---------- Data section
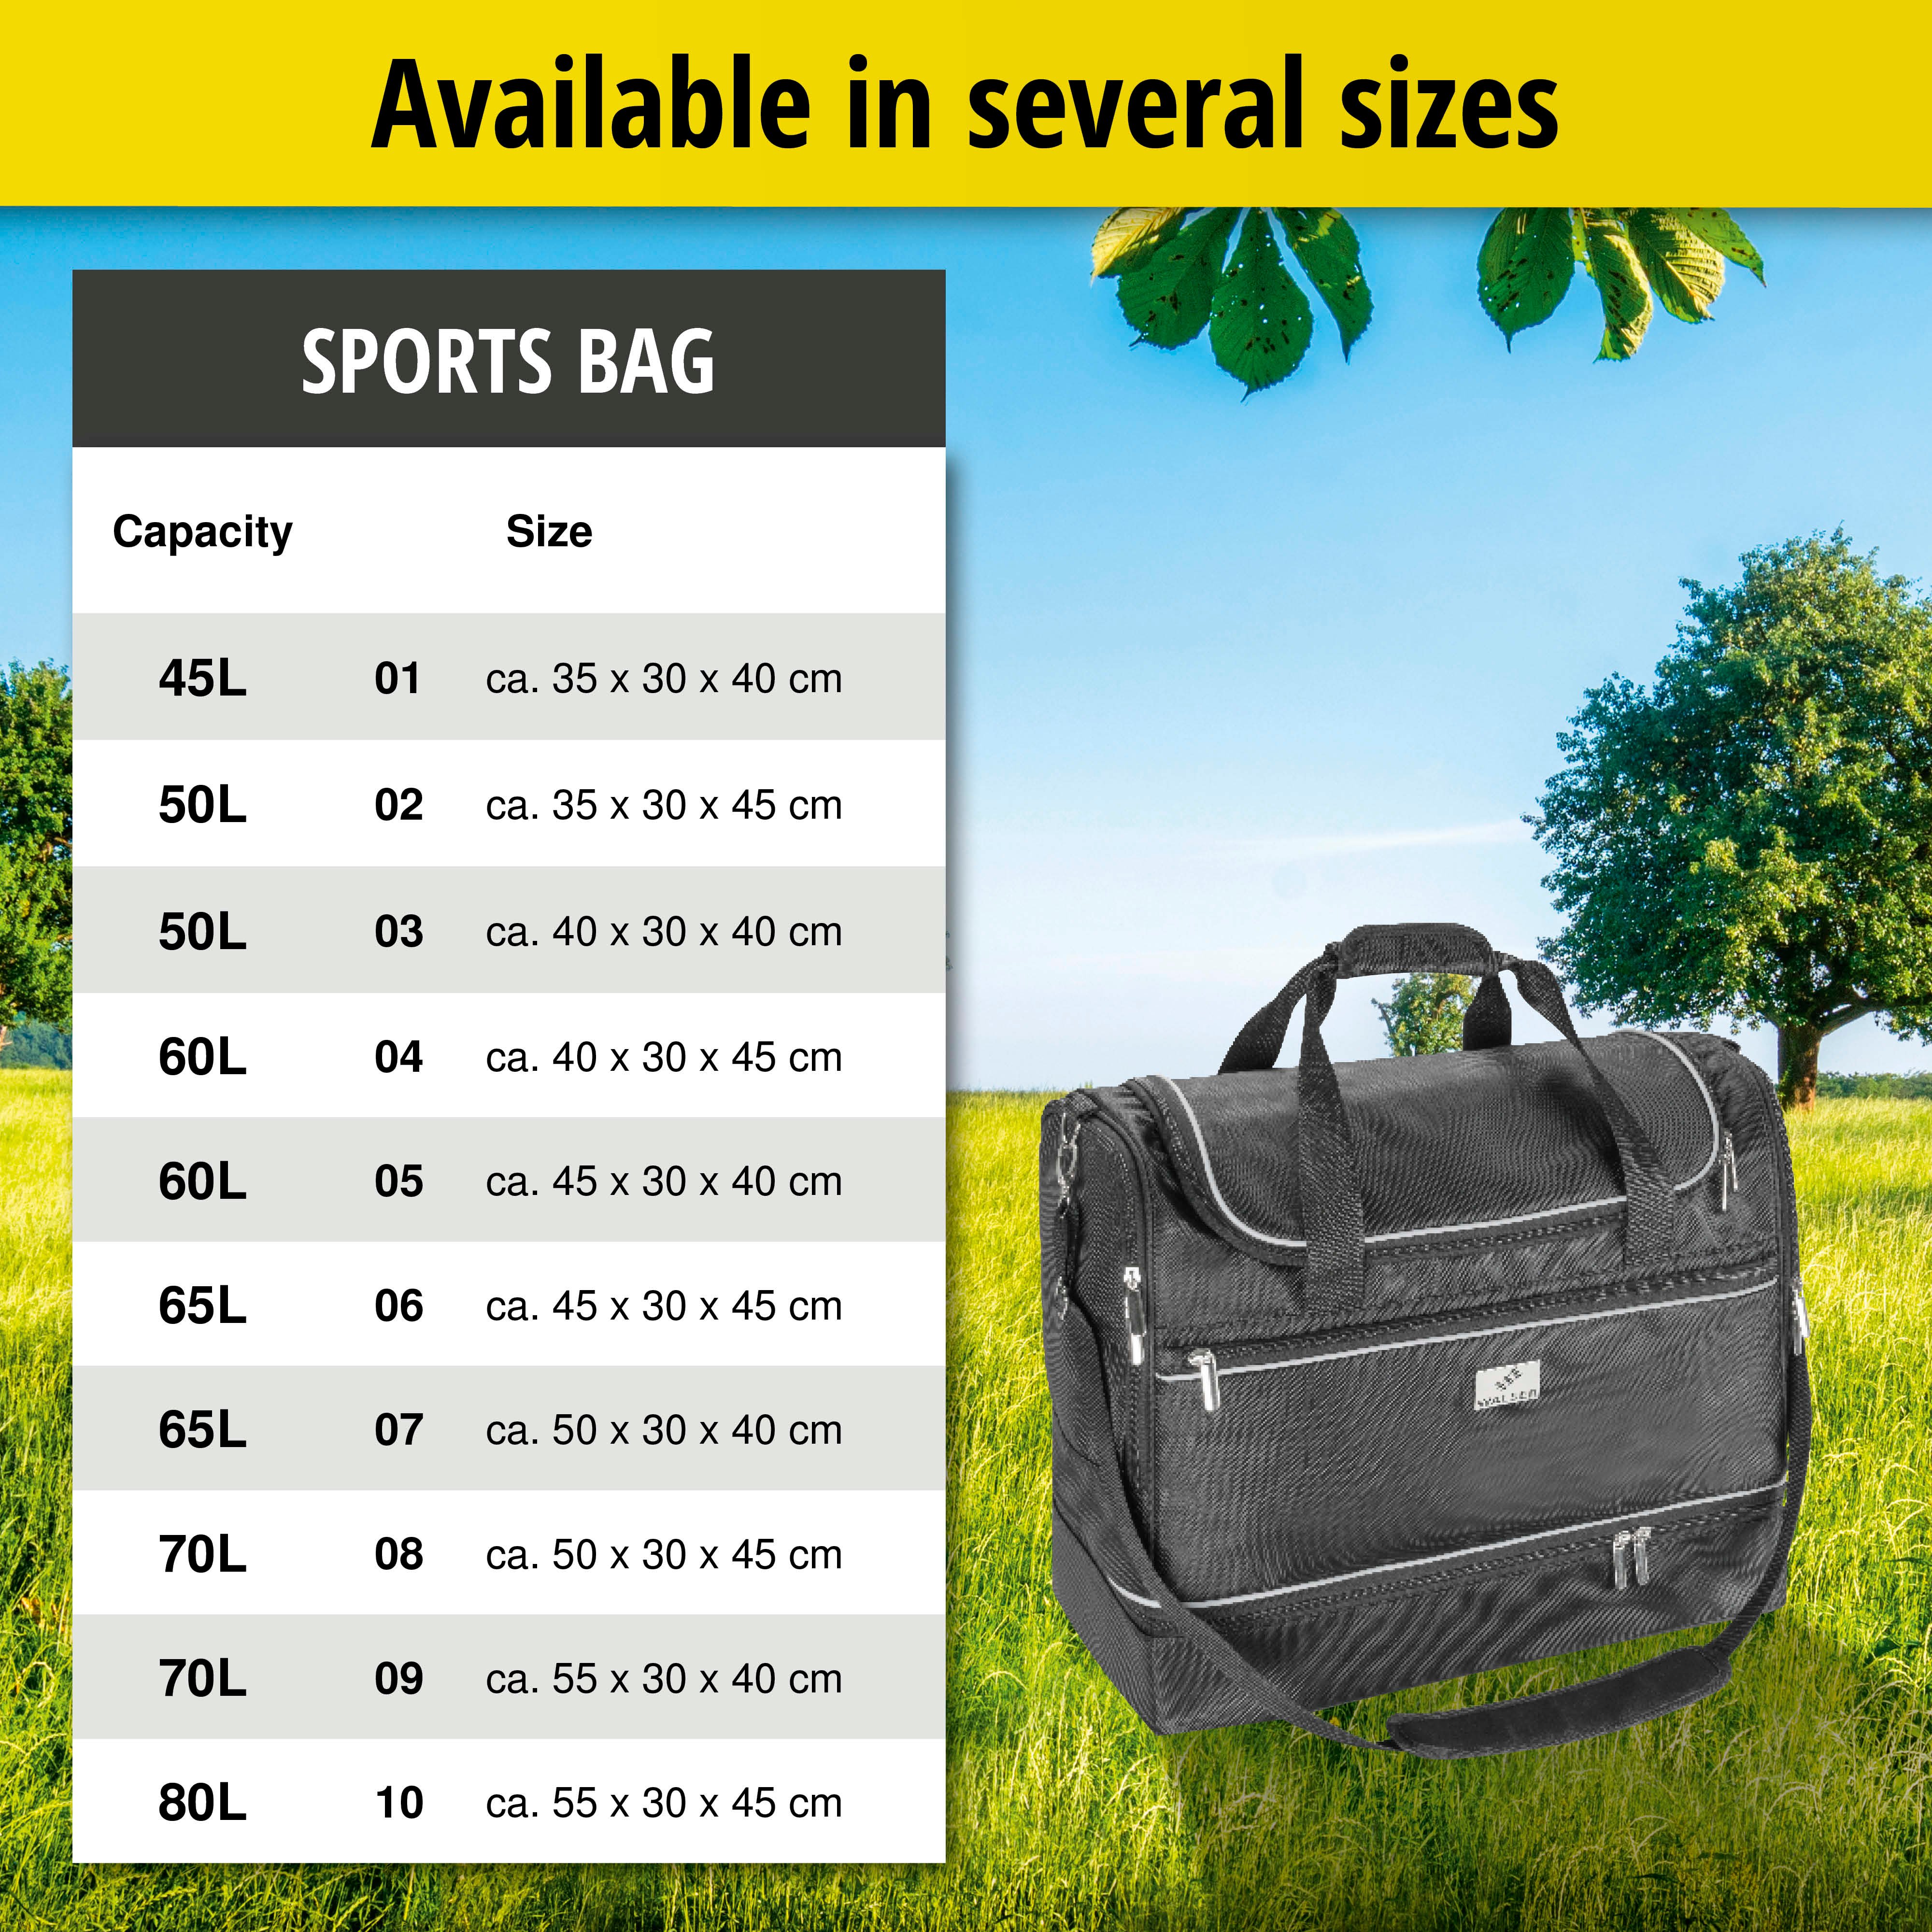 Carbags sports bag 70L - 50x30x45cm
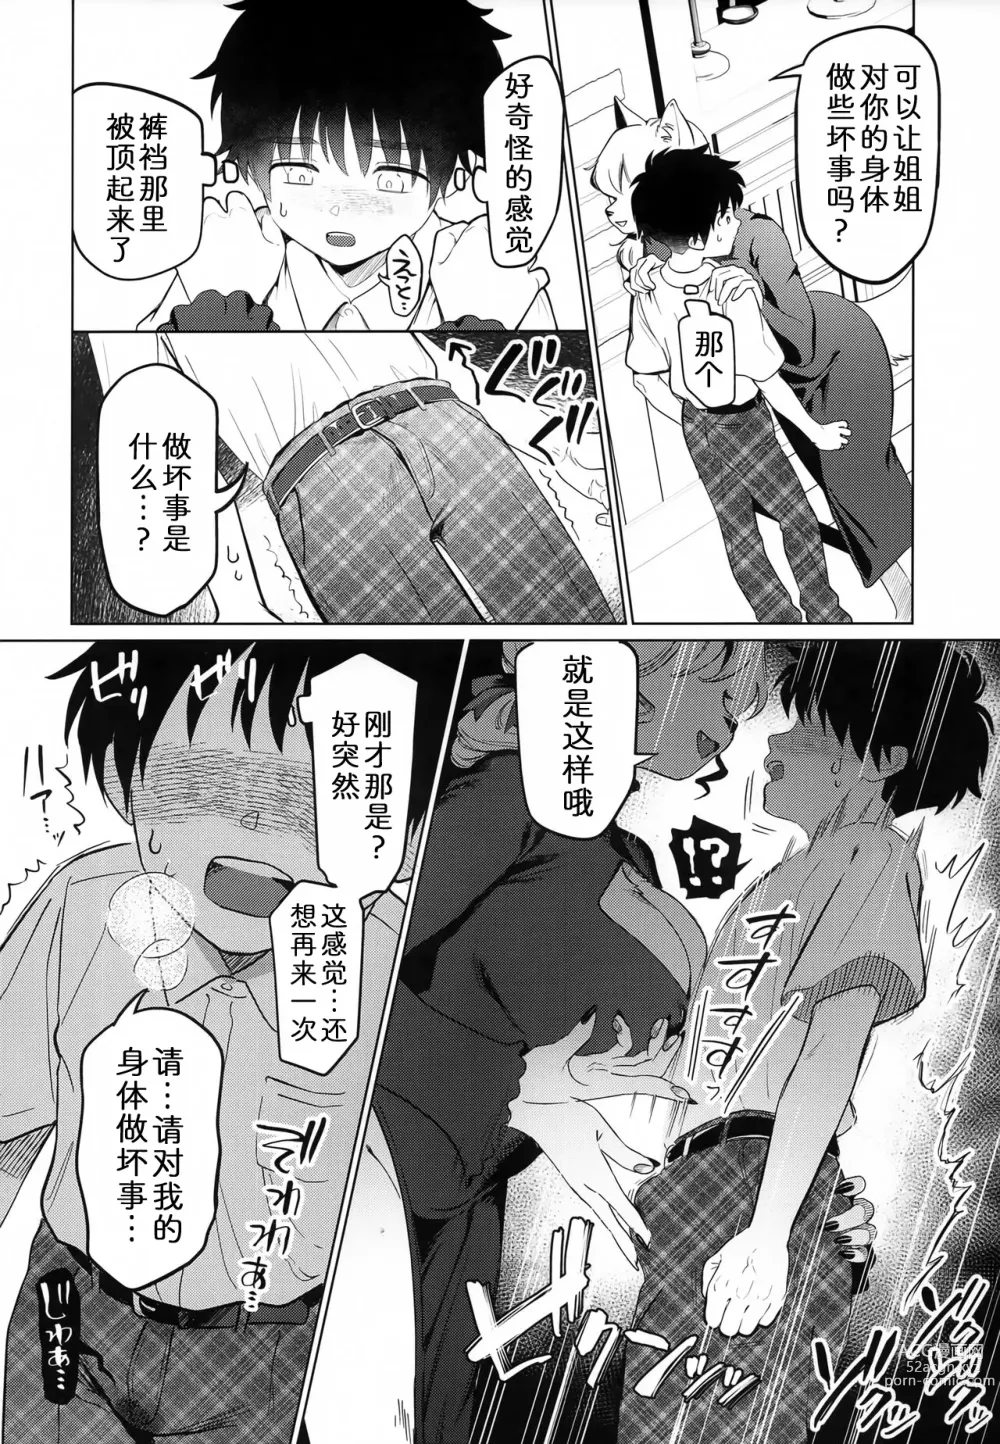 Page 7 of doujinshi 永无休止
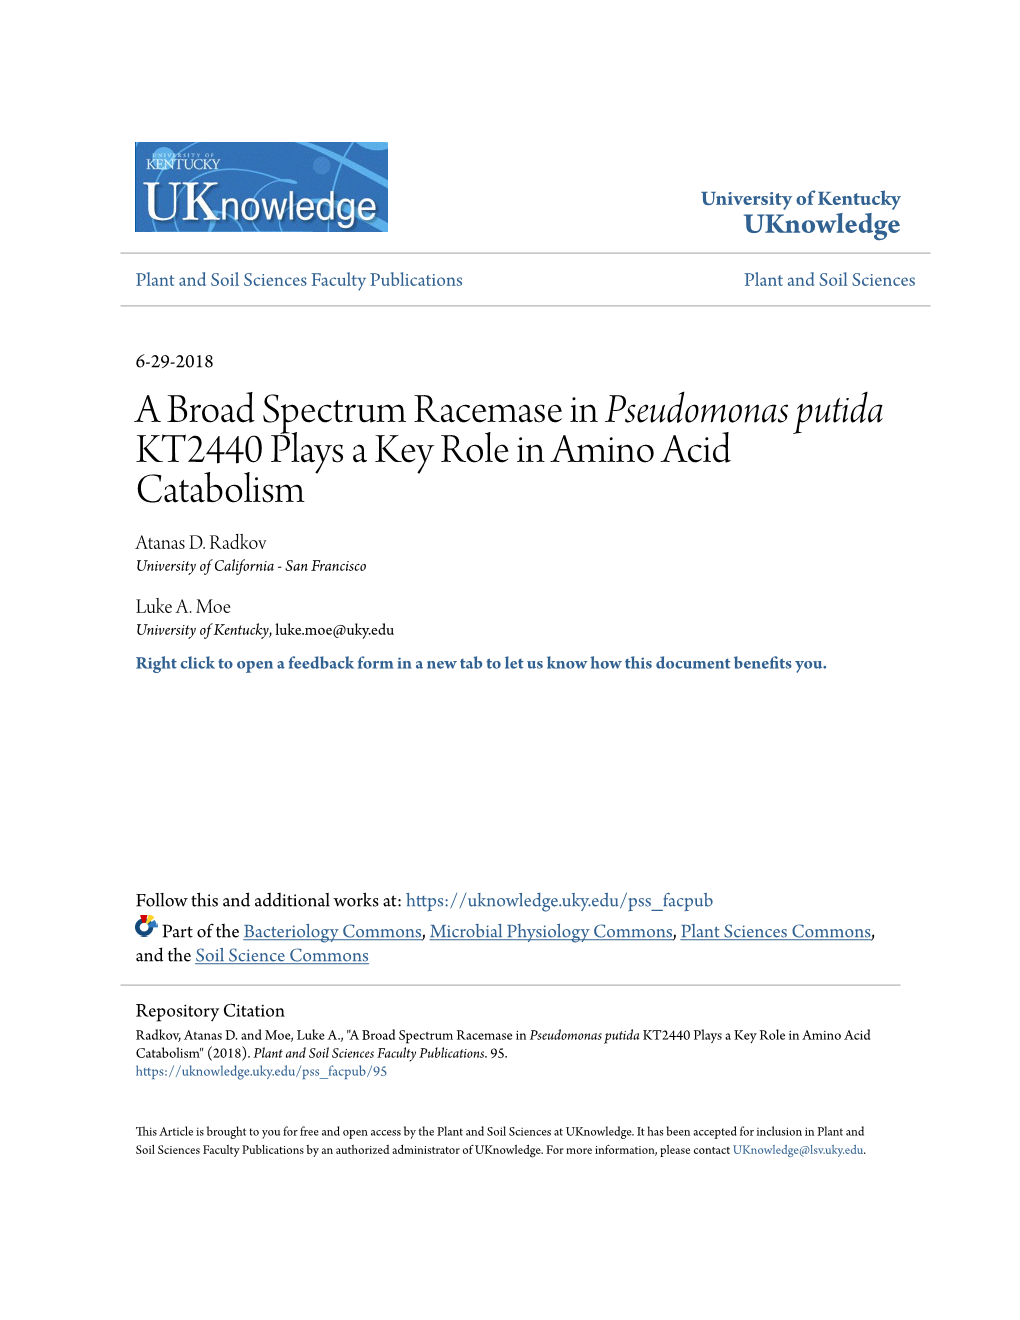 A Broad Spectrum Racemase in Pseudomonas Putida KT2440 Plays a Key Role in Amino Acid Catabolism Atanas D
--------------------
Problem description =>
Write the listing out exactly, apart from its pictures.

Your solution =>
 Carbags sports bag 70L - 50x30x45cm
 Page 7 of doujinshi 永无休止
 A Broad Spectrum Racemase in Pseudomonas Putida KT2440 Plays a Key Role in Amino Acid Catabolism Atanas D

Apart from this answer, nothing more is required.